Kisah Hidup Matthew Perry: Dari Bintang Sitkom ke Pecandu
- Viva.co.id
Bandung – Matthew Perry, yang meninggal dunia pada usia 54 tahun, pernah mengungkapkan kisah hidupnya yang penuh gejolak dalam memoarnya yang berjudul Friends, Lovers, and the Big Terrible Thing.
Dalam bukunya, Perry menceritakan tentang masa kecilnya yang sulit, perjuangannya melawan kecanduan narkoba dan alkohol, serta hubungannya dengan para selebriti.
Perry juga mengungkapkan rasa syukurnya karena masih hidup setelah semua yang telah dia lalui. Ia ingin dikenal sebagai orang yang nyata, bukan hanya sekadar karakter Chandler Bing dalam Friends.
“Saya berada di puncak titik tertinggi saya di Friends, titik tertinggi dalam karier saya, momen ikonik dalam acara ikonik tersebut,” kaa Matthew Perry seperti dikutip dari laman ET Online pada Minggu, 29 Oktober 2023.
"Ketika seorang pecandu narkoba, itu semua soal matematika. Saya tidak melakukannya untuk merasa senang. Saya tentu saja bukan orang yang suka berpesta; Saya hanya ingin duduk di sofa, mengambil lima Vicodin dan menonton film. Itu adalah surga bagi saya. Sekarang tidak lagi,” tambahnya.
Sementara itu, dalam bukunya, Perry menyebutkan beberapa riwayat rawat inap yang dialami dirinya selama bertahun-tahun karena penyalahgunaan narkoba dan alkohol. Namun, buku ini dimulai dengan keadaan darurat medis yang paling mengerikan.

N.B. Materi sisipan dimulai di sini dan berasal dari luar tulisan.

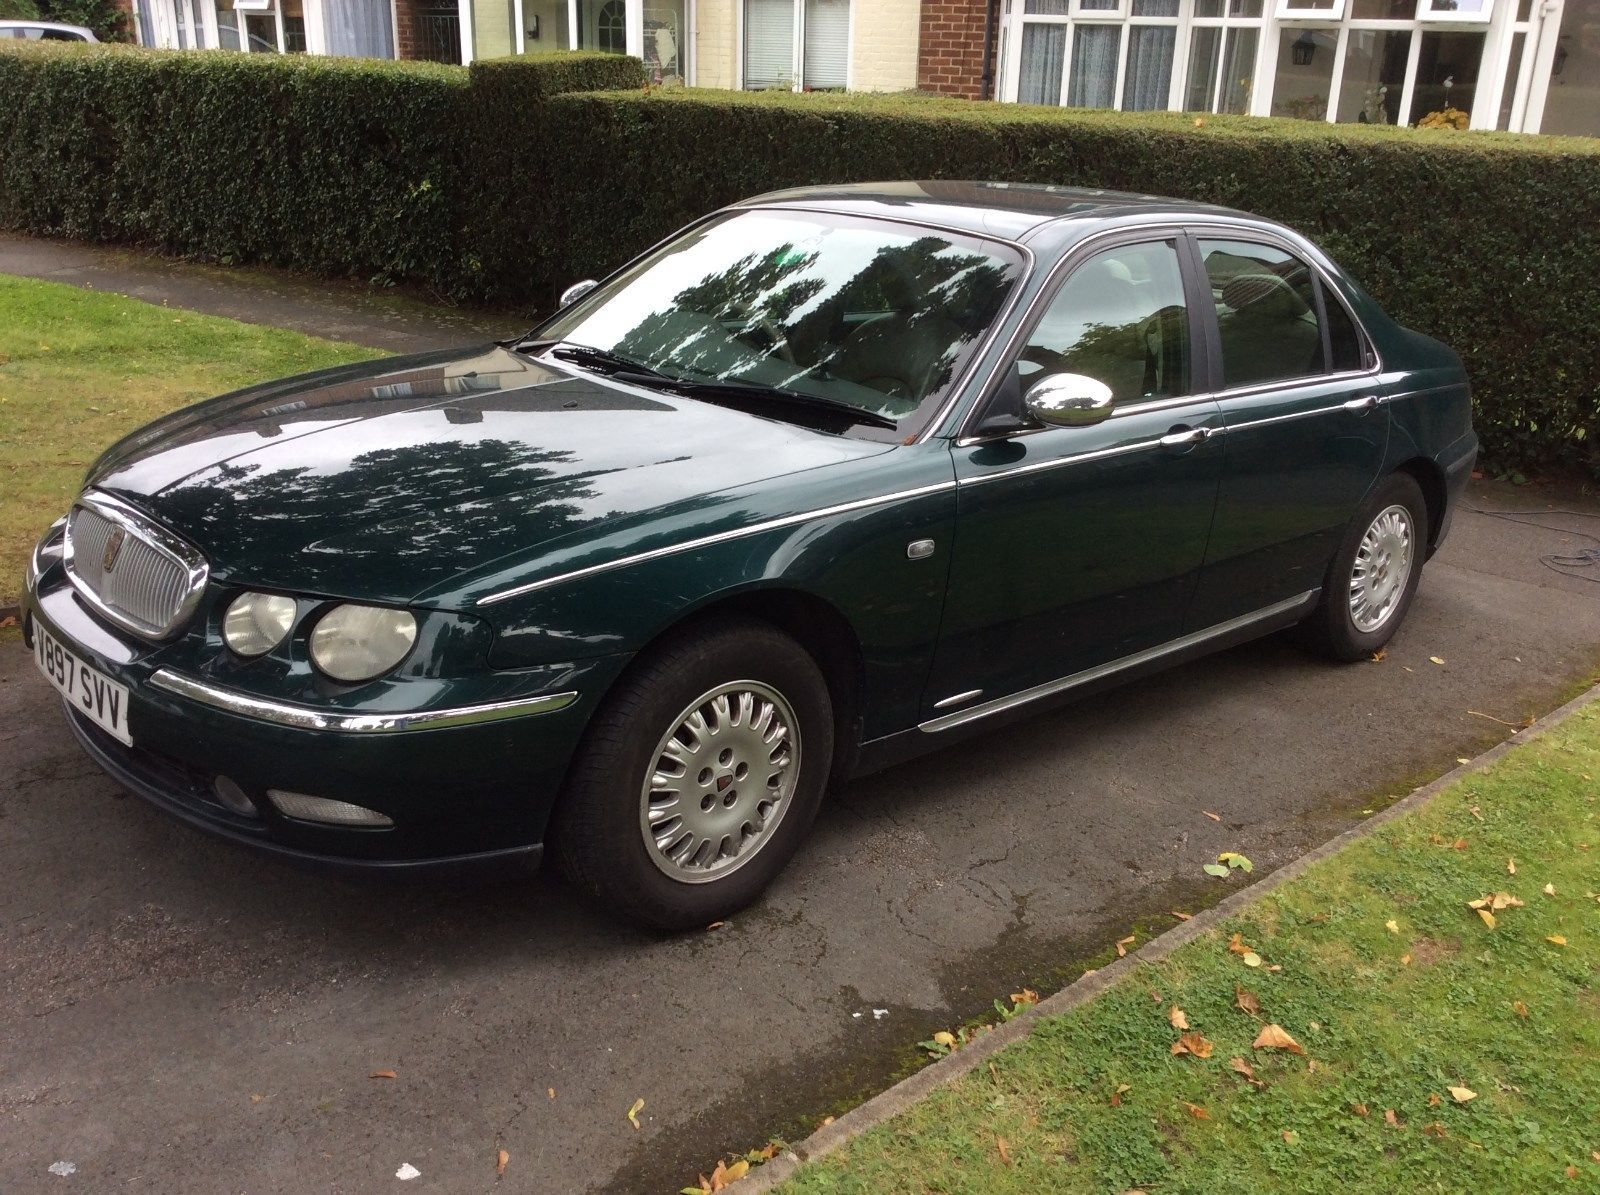 1999 Rover 75 2.5L V6 Connoisseur - Selling for Spares - No Mot ...

Pada saat itu, ia menderita perforasi gastrointestinal pada usia 49 tahun setelah usus besarnya pecah karena penggunaan opioid yang berlebihan. Perry berjuang untuk hidupnya, menghabiskan dua minggu dalam keadaan koma dan lima bulan di rumah sakit, dan harus menggunakan tas kolostomi selama sembilan bulan.
“Para dokter memberi tahu keluarga saya bahwa saya memiliki peluang dua persen untuk hidup. Saya dipasangi sesuatu yang disebut mesin ECMO, yang melakukan semua pernapasan untuk jantung dan paru-paru. Dan itu disebut Salam Maria. Tidak ada seorang pun yang bisa bertahan dari hal itu," ungkapnya.
Perry mengungkapkan dalam bukunya bahwa dia menjalani 14 operasi pada perutnya, dan bekas luka tersebut berfungsi sebagai pengingat untuk tetap sadar. Namun faktor motivasi terbesar untuk menghindari obat-obatan datang dari terapisnya.
"Lain kali kamu berpikir untuk mengonsumsi Oxycontin, pikirkan saja untuk memiliki kantong kolostomi selama sisa hidup kamu," kata terapis pribadi kepada Perry.
Pada suatu saat kecanduan narkoba, dia mengonsumsi 55 Vicodin sehari. Perry tidak segan-segan menjelaskan besarnya masalah narkoba dan alkohol terhadap tubuhnya. Selain itu. dia juga menggunakan Xanax, OxyContin, Dilaudid, metadon, buprenorfin/suboxone, kokain, dan banyak vodka.
Berbicara dengan The New York Times dalam sebuah wawancara sekitar waktu buku itu diterbitkan, Perry mengungkapkan bahwa ia menghabiskan uang sekitar US$9 juta atau sekitar Rp143 miliar untuk melawan kecanduannya.